State Key Laboratory of Military Stomatology and National Clinical Research Center for Oral Diseases and Shaanxi Clinical Research Center for Oral Diseases, Department of Orthodontics, School of Stomatology, The Fourth Military Medical University, Xi'an, Shaanxi 710032, China.
Department of Cardiology, Tangdu Hospital, Fourth Military Medical University, Xi'an, China.
Biomed Res Int. 2019 Jun 23;2019:8735952. doi: 10.1155/2019/8735952. eCollection 2019.
HPDLSCs derived from periodontal ligament tissues contribute to tooth development and tissue regeneration. Exploring the effects of long noncoding RNAs (lncRNAs) in the process of osteogenic differentiation of periodontal ligament stem cells would provide novel therapeutic strategies for tissue regeneration. The expression levels of lncRNA, which significantly changed during osteogenic differentiation, were observed by real-time quantitative PCR (q-PCR). Then, we screened for osteogenic-related lncRNA, which was initially named lncRNA-TWIST1. Moreover, we detected the mRNA expression levels of TWIST1 and osteogenesis-related genes after upregulating and downregulating lncRNA-TWIST1 in PPDLSCs (periodontal mesenchymal stem cells from periodontitis patients) and HPDLSCs (periodontal mesenchymal stem cells from healthy microenvironment), respectively. The osteogenic degree was verified by detecting ALP activity and alizarin red staining.
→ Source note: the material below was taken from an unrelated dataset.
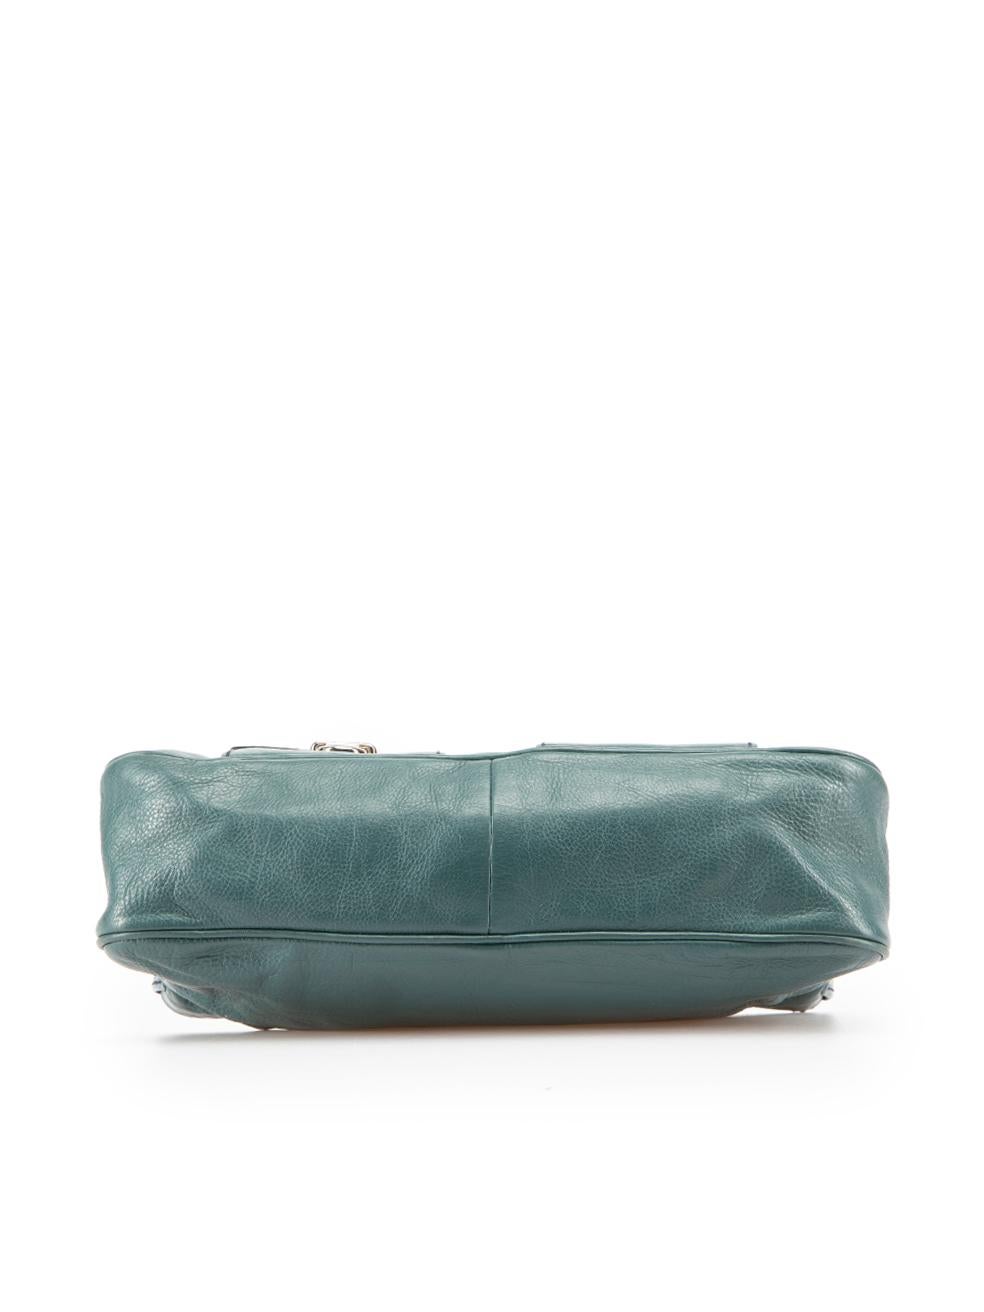 Marc Jacobs Women's Green Leather Medium Shoulder Bag 1

LncRNA-TWIST1 decreased the mRNA levels of TWIST1 and promoted osteogenic differentiation in PPDLSCs, which was confirmed by the increase in osteogenesis-related gene levels (Runx2, ALP, and OCN), the increase in ALP activity, and the formation of more osteogenic nodules. In contrast, downregulating lncRNA-TWIST1 decreased the expression of osteogenesis-related genes, ALP activity, and osteogenic nodules both in PPDLSCs and in HPDLSCs. LncRNA-TWIST1 promoted osteogenic differentiation both in PPDLSCs and in HPDLSCs by inhibiting the TWIST1 expression. LncRNA-TWIST1 may be a novel therapeutic strategy to regenerate dental tissues.
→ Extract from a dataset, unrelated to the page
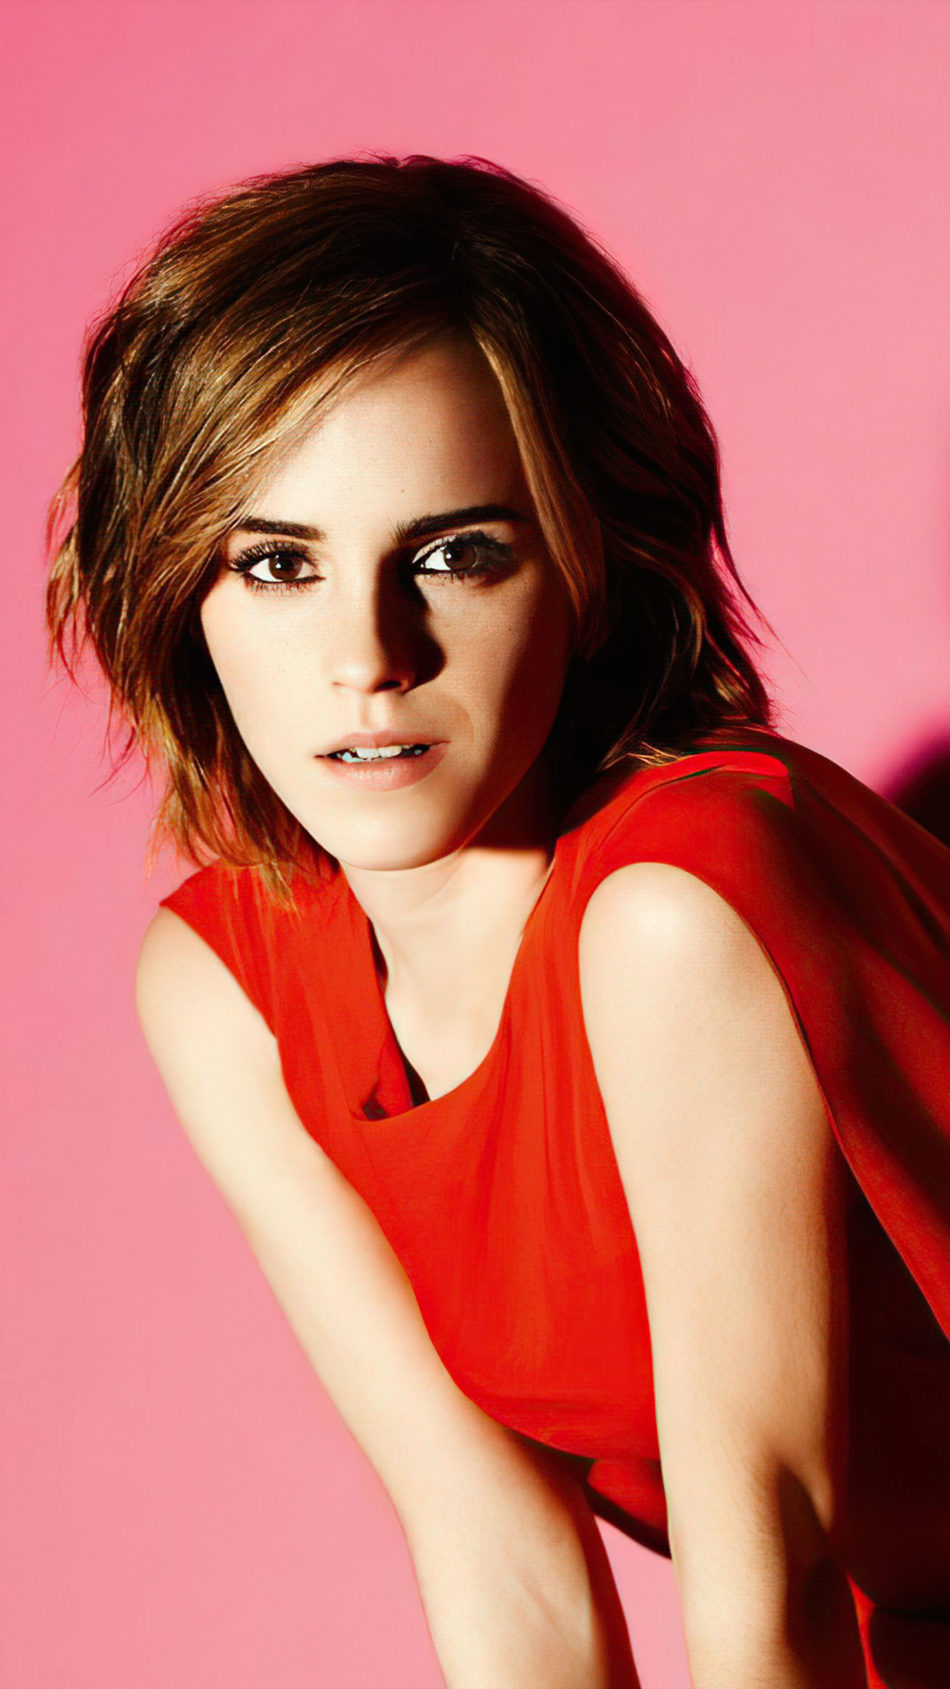 Emma Watson Red Dress 2021 Photoshoot 4K Ultra HD Mobile Wallpaper

牙周膜干细胞来源于牙周组织,有助于牙齿发育和组织再生。探索长链非编码 RNA(lncRNA)在牙周膜干细胞成骨分化过程中的作用,可为组织再生提供新的治疗策略。通过实时定量 PCR(q-PCR)观察到成骨分化过程中 lncRNA 表达水平显著变化。然后,我们筛选出与成骨相关的 lncRNA,最初命名为 lncRNA-TWIST1。此外,我们分别在 PPDLSCs(来自牙周炎患者的牙周膜间充质干细胞)和 HPDLSCs(来自健康微环境的牙周膜间充质干细胞)中上调和下调 lncRNA-TWIST1 后,检测 TWIST1 和骨形成相关基因的 mRNA 表达水平。通过检测碱性磷酸酶(ALP)活性和茜素红染色来验证成骨程度。lncRNA-TWIST1 降低了 PPDLSCs 中 TWIST1 的 mRNA 水平,并促进了成骨分化,这通过增加成骨相关基因(Runx2、ALP 和 OCN)水平、增加 ALP 活性以及形成更多的成骨结节得到证实。相反,下调 lncRNA-TWIST1 降低了 PPDLSCs 和 HPDLSCs 中成骨相关基因、ALP 活性和成骨结节的表达。lncRNA-TWIST1 通过抑制 TWIST1 的表达促进 PPDLSCs 和 HPDLSCs 的成骨分化。lncRNA-TWIST1 可能是一种再生牙齿组织的新治疗策略。